The idea of automatically generating signatures for network borne threats isn’t precisely new. In fact the concept dates back to the early 1980′s and predates network-propagated malware attacks by quite a margin.
Back in 1997, network-based intrusion detection systems (IDS) really started to take off as a viable commercial security technology – with ISS rolling out their RealSecure – and the first (internal vendor) prototype systems were developed for automatic signature development. Even in those early days where malware threats were exceedingly noisy and clumsy on the network, it was difficult to develop reliable signatures that wouldn’t let loose a tide of false positive results. Any automatically generated signature needed to be reviewed by skilled engineers and “soak tested” in pliable customer networks – and subsequently tweaked or dropped, depending upon false positives observations.
Fifteen years later new vendors continue to reinvent the wheel and rediscover the pain behind the promise. Take for example Palo Alto Networks’ Wildfire and FireEye’s Virtual Execution Engine approaches (what’s with the “fire” thing?). Both capture suspicious binaries observed traversing their customer’s networks and hand them over to a software virtualization system for controlled execution and (eventual) automatic signature generation. Those signatures (basically a Snort regex-based signature) and then pushed to IDS sensors to alert upon.
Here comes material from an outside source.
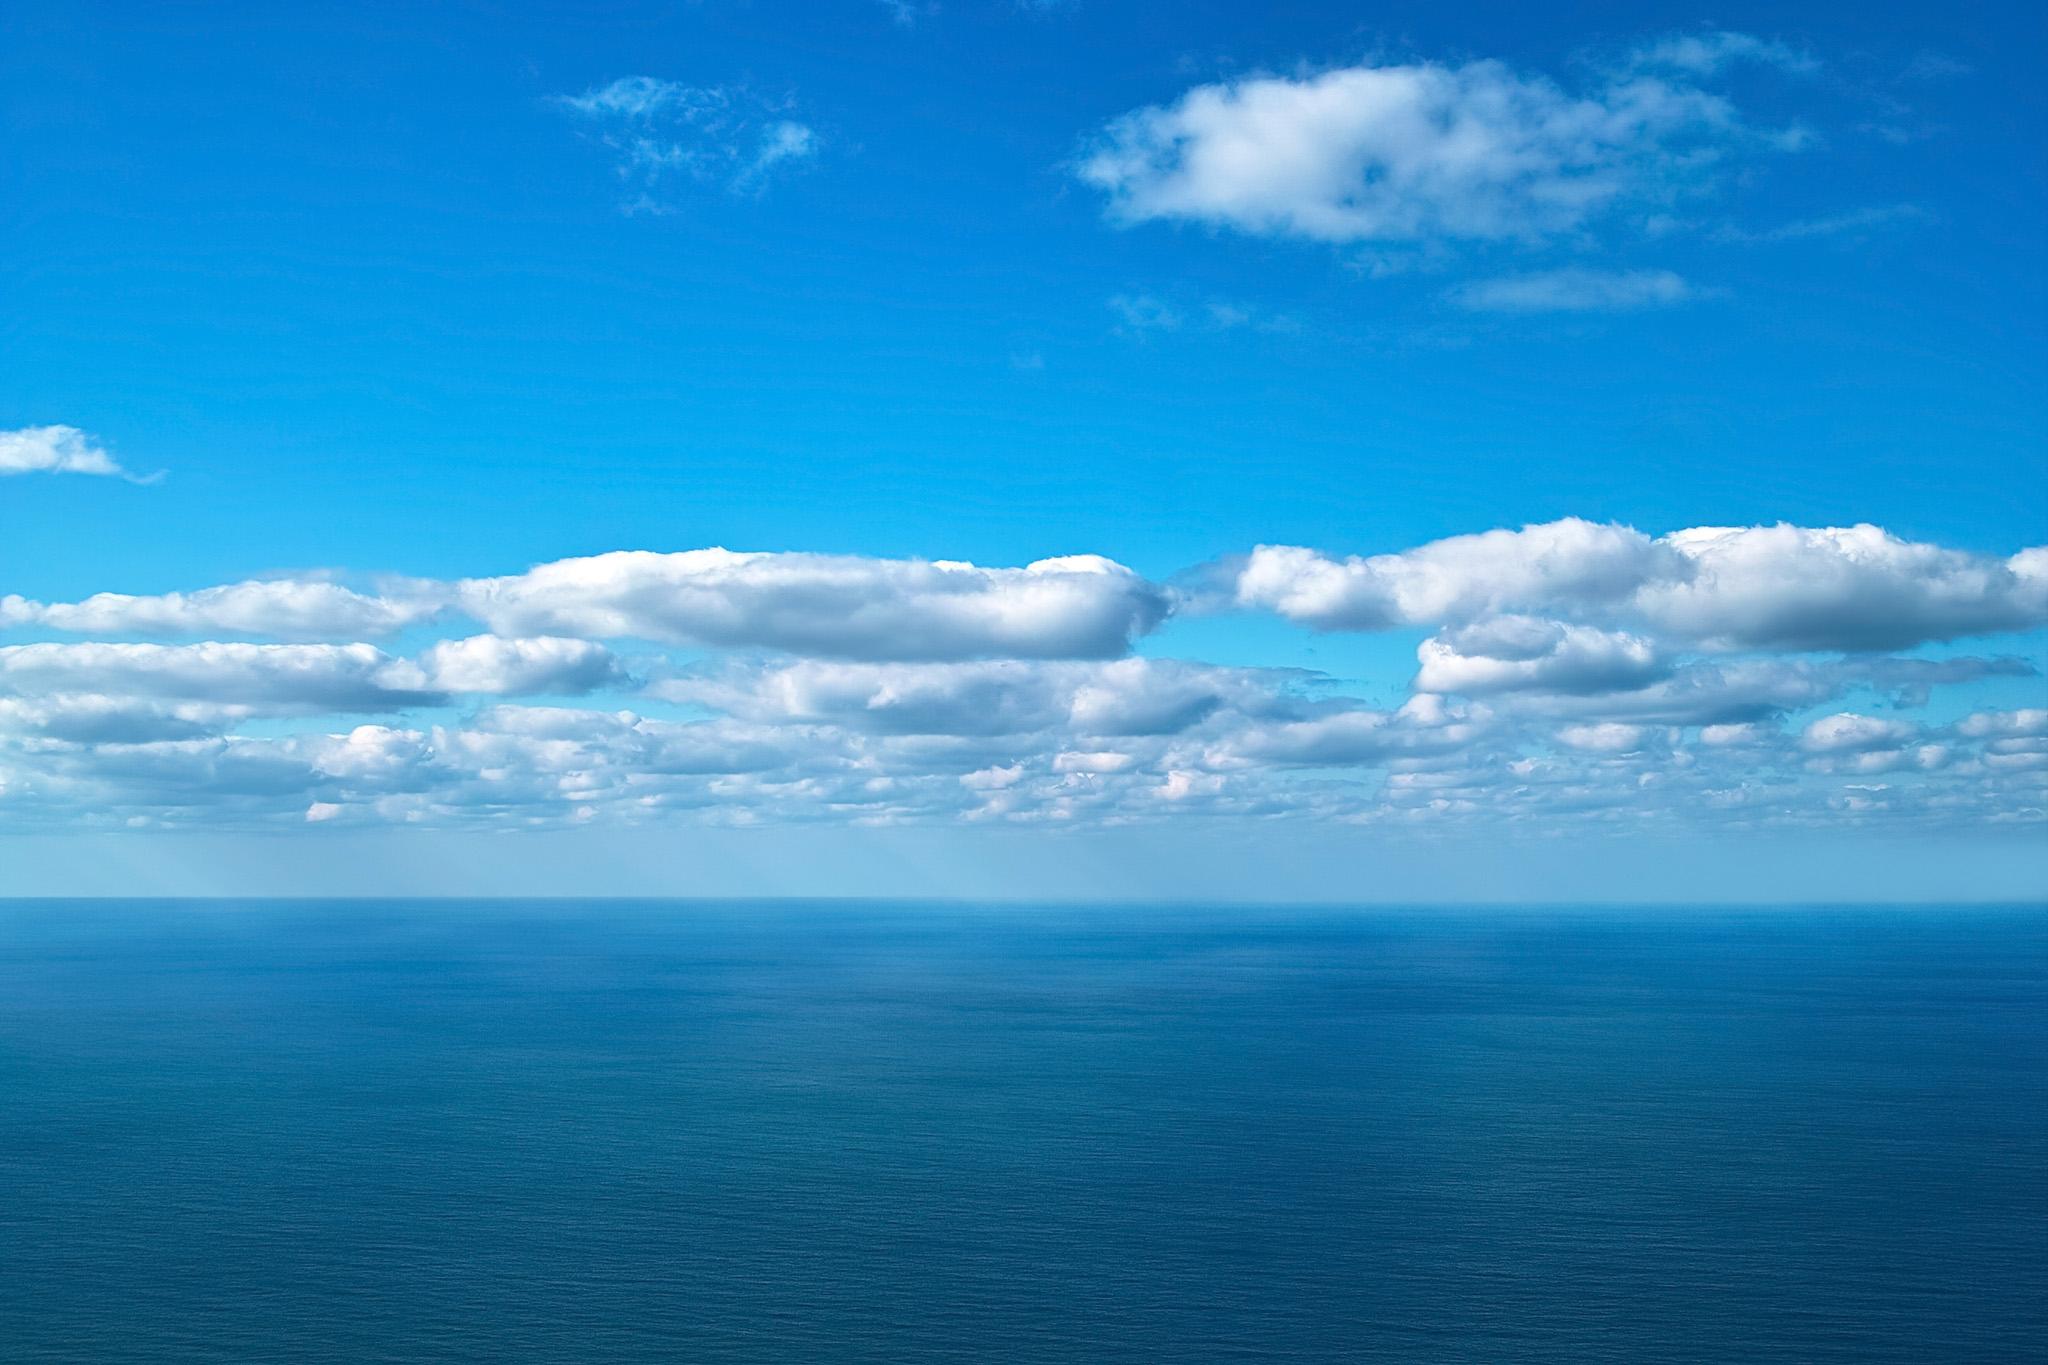 「雲が浮かぶ青空と海」

What’s the matter with that? Well, for anything beyond the most ubiquitous and dumb malware out there, the approach will either result in false positive alerts or fail to alert altogether. The latter is more common than the former because the systems are tuned that way. After all, no one likes to be woken up late at night due to a false positive – so if you miss the threat entirely, who’s ever going to know?
There are way too many reasons why automated signature systems like FireEye and Wildfire continue to fail in detecting and diagnosing todays targeted threats (note that this isn’t a problem unique to just them – it applies to the other dozen or so near-identical products from other vendors).
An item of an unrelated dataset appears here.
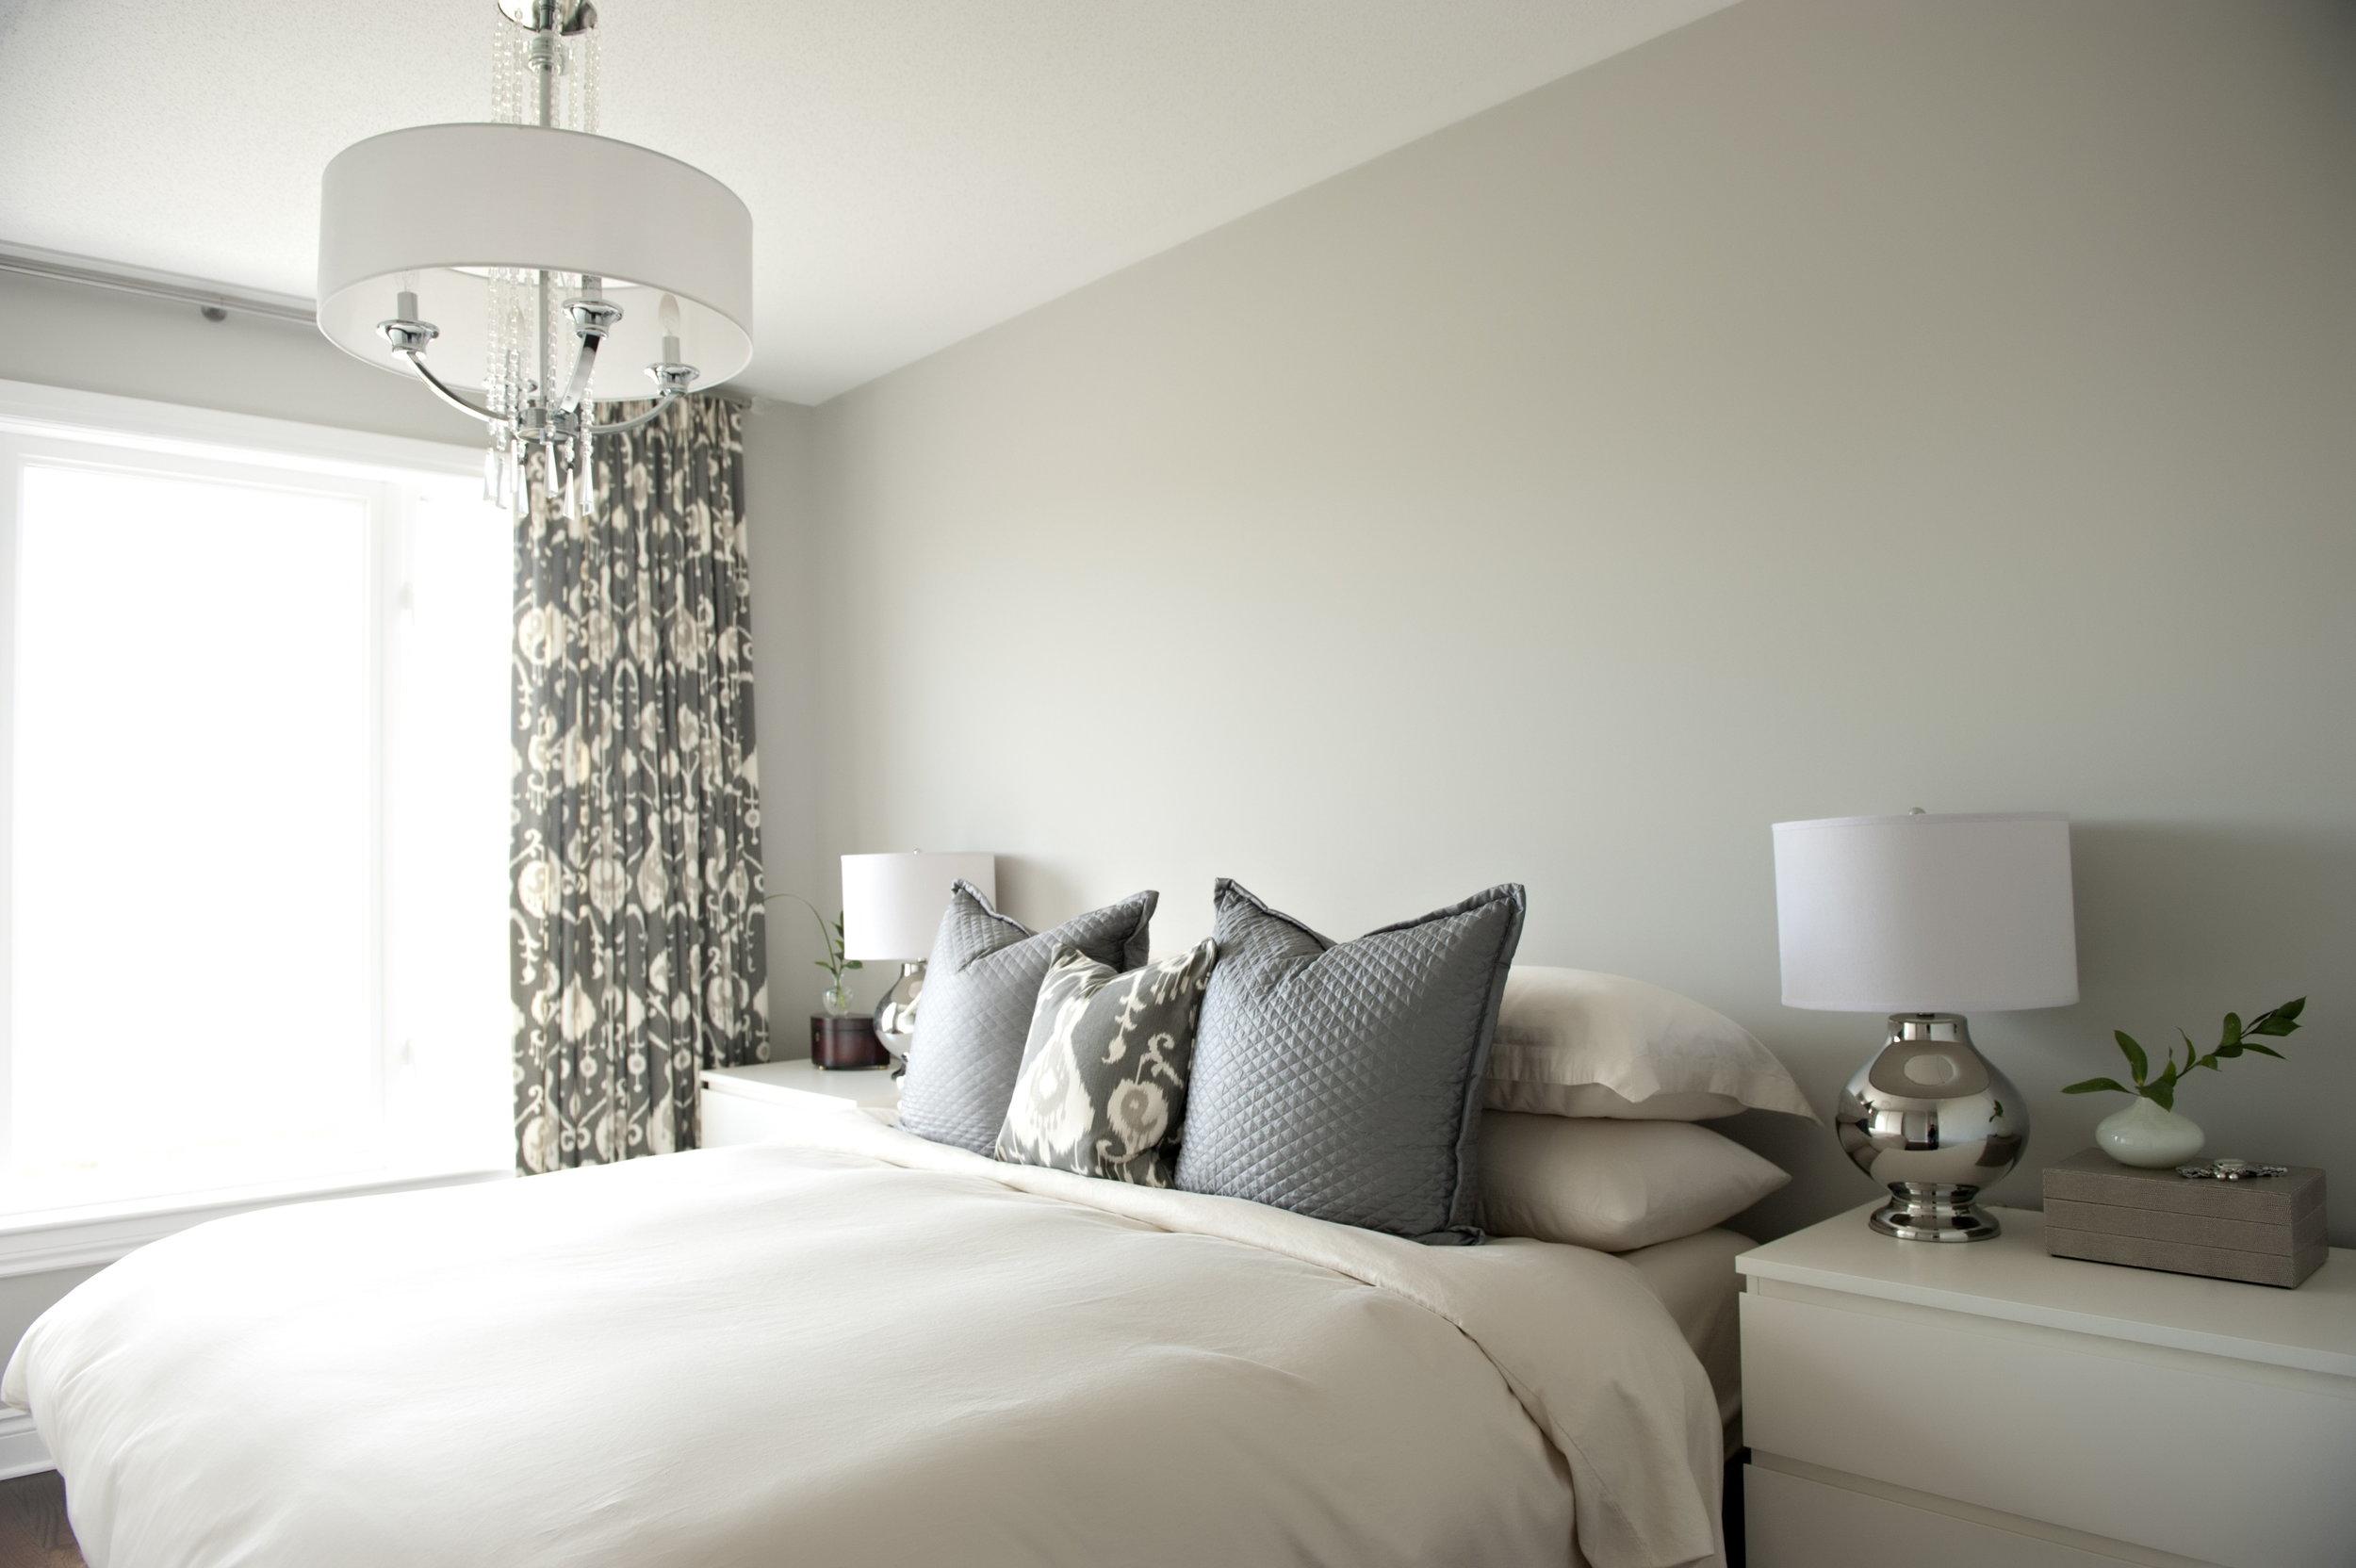 Interior-Design-McGregor-Project-Bed-Bedroom

You may remember a paper I published mid-2011 on the topic “Automated In-Network Malware Analysis: Why Virtual Machines Can Sputter and Miss“. That paper alone provides numerous examples of what the badguys are doing to bypass automated analysis systems and the perils of not operating analysis platforms that replicate real victim systems (which is an Achilles Heel of these appliance-led “protection” systems).
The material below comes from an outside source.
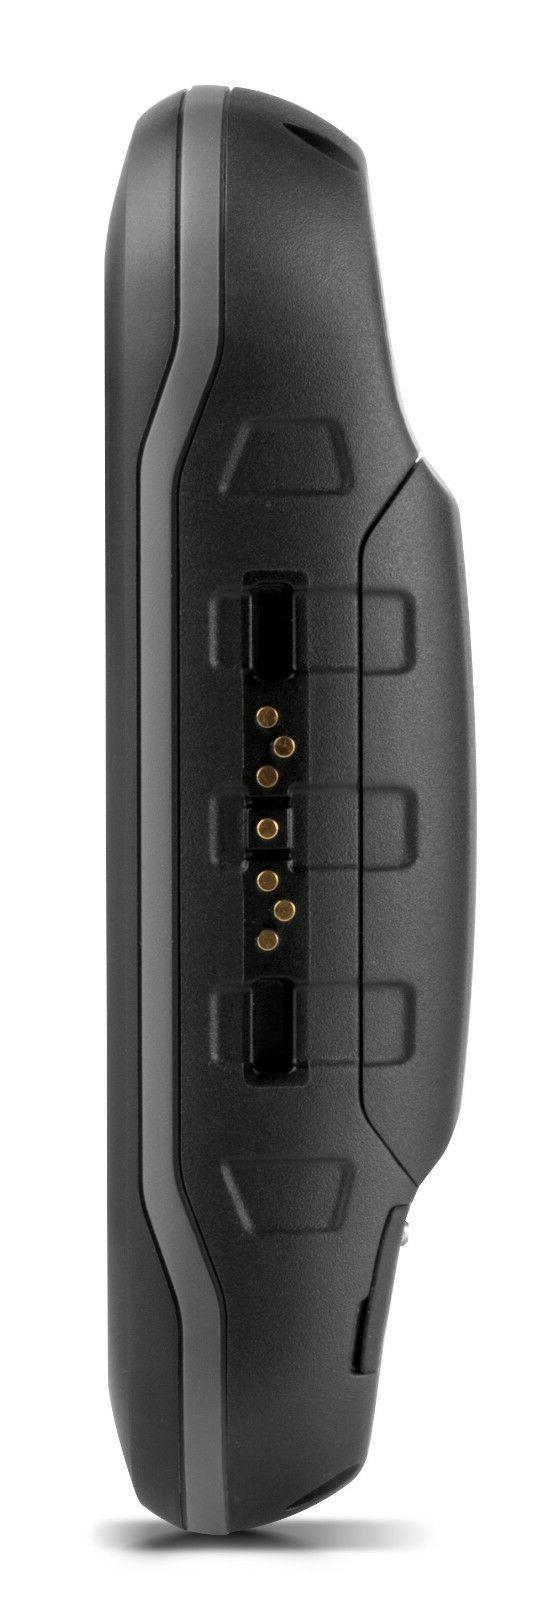 Garmin Montana GLONASS Handheld w/ 8 mp
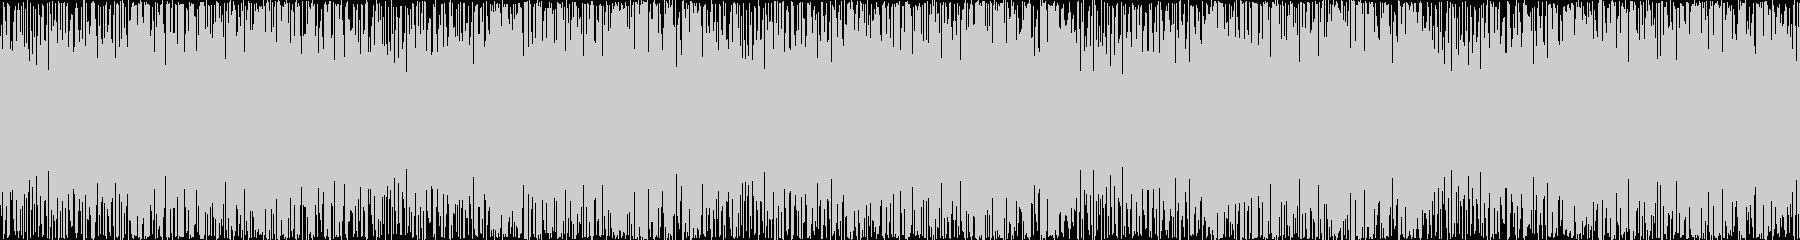 小川のせせらぎ(チョロチョロ・サラサラ)の未再生の波形

Out of all the possible ways the badguys can usurp these auto-generated malware detection engines, let’s look at one of the more recent ones – malware that makes use of Domain Generation Algorithms (DGA).
DGA Evasion
Last week Damballa Labs released a report and case study on the current generation of DGA-based crimeware and you’ll likely have noted that of the 12 newly uncovered DGA’s, 6 of them were associated with advanced (but mainstream) crimeware families. Now here’s the rub, if you’re reliant upon an automated system for malware analysis to generate “protection” signatures for your IDS, I hope you’re enjoying the Emperor’s new clothes because you’re naked to the C&C communications of Shiz, Bimital, BankPatch, Expiro.Z, Bonnana, and recent generations of Zeus (to name but a few).
How is that possible? Simply put, several of the features of DGA’s are designed to intentionally bypass these kinds of dynamic protection technologies. By not using static domain names for their C&C lookups, and by ensuring that their network communications look like standard HTTP/HTTPS traffic, any automatically generated “call back” signature will be based upon redundant and outdated information before it’s even deployed – and subsequently never trigger against real crimeware traffic.
As the crimeware sample executes within the virtualized analysis environment (and assuming that it’s not bothering to conduct any anti-VM evasion in the first place (which is a fallacy of course)) it will initiate its DGA and attempt to look up a number of dynamically calculated domain names. Those domain names and the C&C servers they are hunting for reflect the current date/time of the malware’s execution. At a different date or time additional malware samples will generate their own sets. The net result is that, assuming the vendor’s product can create a signature in the first place, the signature will be for only a single malware sample at a fixed (past) point in time. Adding that signature to the IDS and alerting system can only result in false positive detections – and lost incident response cycles.
With an evasion technique as successful as the modern DGA, it is not a surprise to see it being adopted by additional crimeware families.
There is a technique for identifying DGA’s and the victims of DGA-based crimeware. The dynamism of DGA operational use means that the detection technologies need to more flexible and operate independently of static signatures. As such, the current generation of DGA-based threat detection focuses upon DNS-level observations and utilizes clustering and spectral analysis approaches.